France ruled Syria and Lebanon after World War I, which broke up Ottoman Turkish
control of most of the Middle East.
Kristen Silverberg, an assistant secretary of State, said the border survey
underscores the challenges facing Lebanon's pro-Western government.
"There is mounting evidence of illegal weapons shipments passing from Syria into
Lebanon, which destabilizes the country and the region," she said.
Syria refuses to formally demarcate the border and has no embassy in Lebanon,
which it has asserted in the past is part of a greater Syria.
The Syrian government sent troops into Lebanon in 1976 to try to stem a civil
war — a move that began a 29-year occupation. Under pressure from the United
Nations, it withdrew 14,000 troops in 2005 after the assassination of former
Lebanese prime minister Rafik Hariri. A U.N. tribunal is investigating
allegations that Syria was behind that murder and those of other Lebanese
politicians.
Last month, a car bomb killed another anti-Syrian politician, parliament member
Walid Eido. A bomb also killed six U.N. peacekeepers from Spain.
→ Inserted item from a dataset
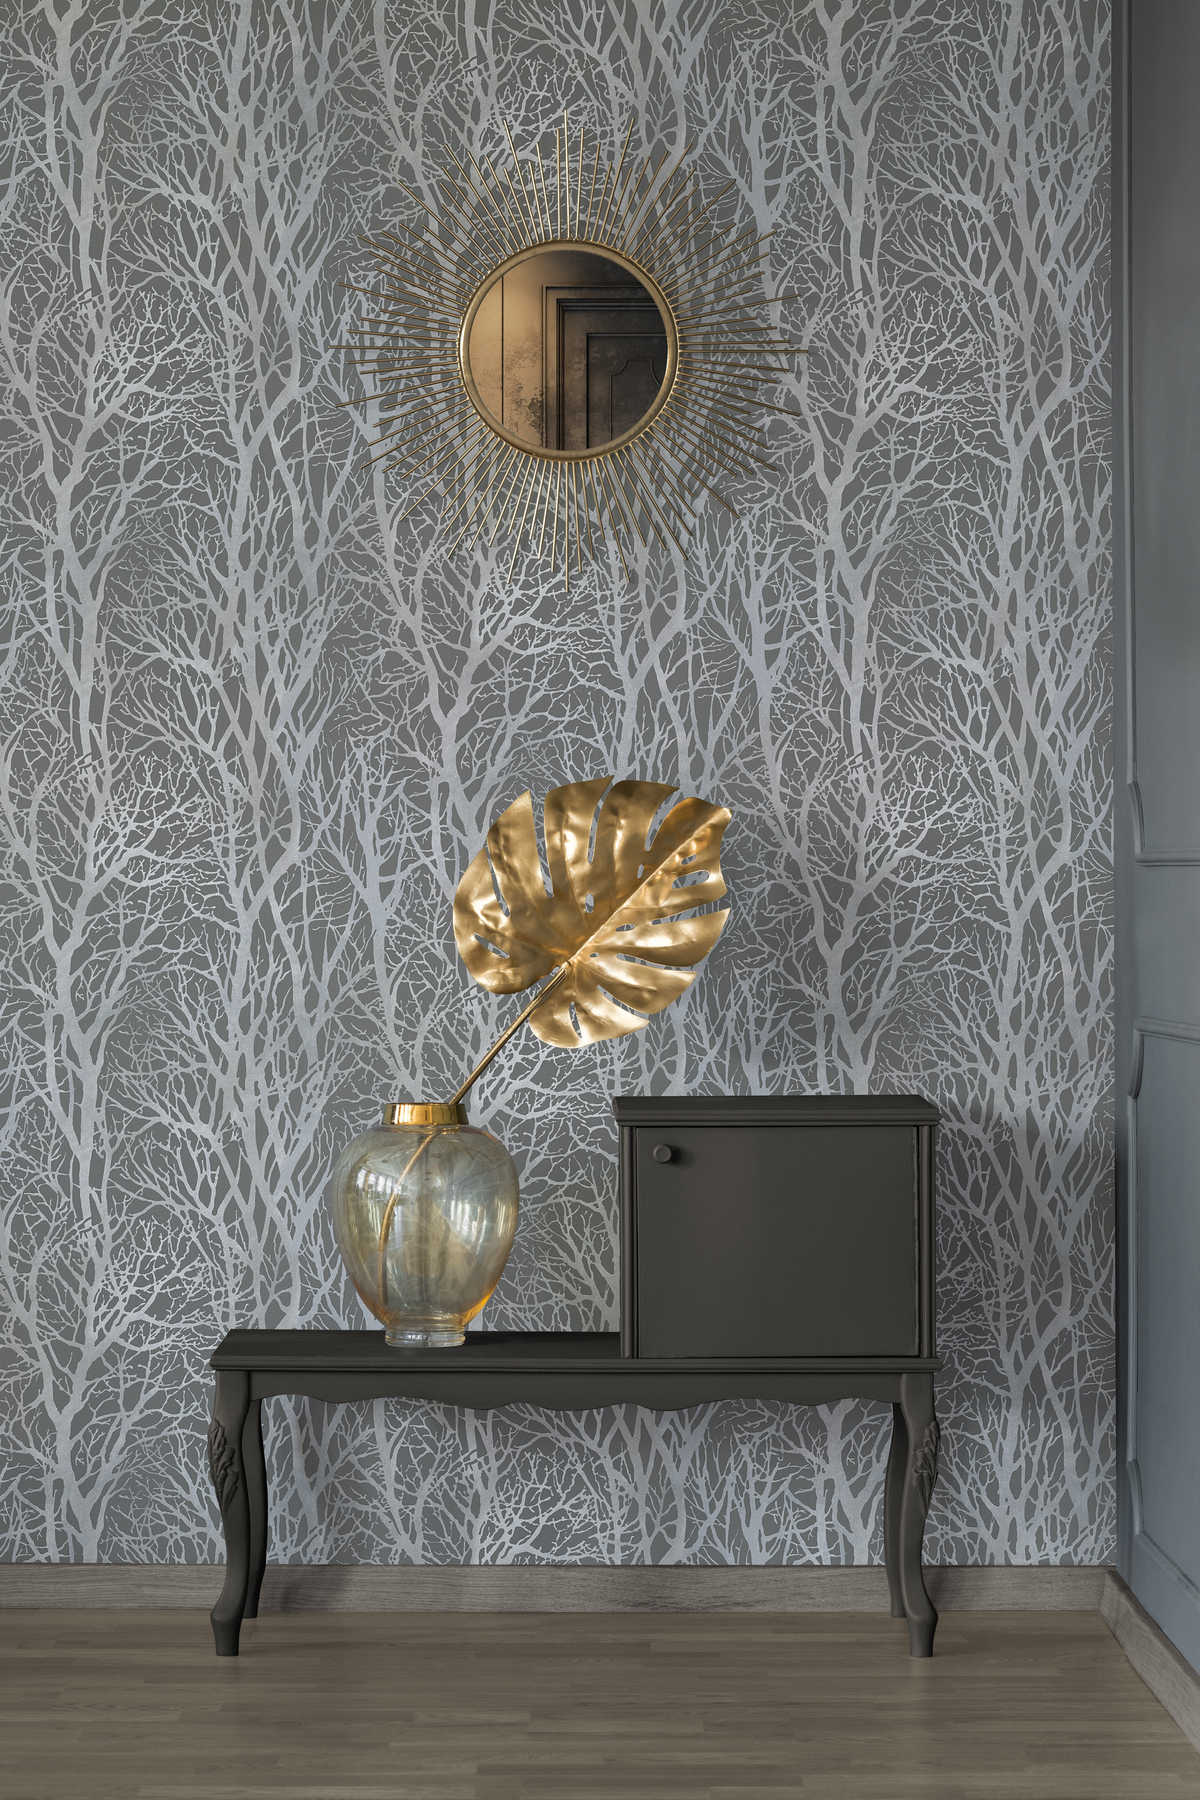             Anthracite wallpaper with branch motif & metallic effect - silver, grey

Katyusha
rockets were fired from southern Lebanon into northern Israel for the first time
in a year.
Fighting has gone on for weeks between Lebanese troops and Islamic extremists in
a Palestinian refugee camp in the north near the Syrian border. Lebanon's
government says the militants are led by extremists who slipped in from Syria,
which Syria denies.
Lebanon's pro-Syrian factions, including its president and parliamentary
speaker, are locked in a power struggle with anti-Syrian Prime Minister Fuad
Saniora and his allies.
U.N. Secretary-General Ban Ki Moon complained last month that arms for Hezbollah
and Palestinian militants are shipped from Syria into Lebanon. A U.N. border
assessment team chided Syria for refusing to recognize the frontier with
Lebanon. Israel also violates Lebanese territory, Ban said, with up to 32
flights a day of unmanned surveillance aircraft over the country.
Syrian Ambassador to the United Nations Bashar Jaafari disputed the new report,
calling it "baseless, null and void." He said Syria has abided by U.N.
resolutions and favors demarcating the border.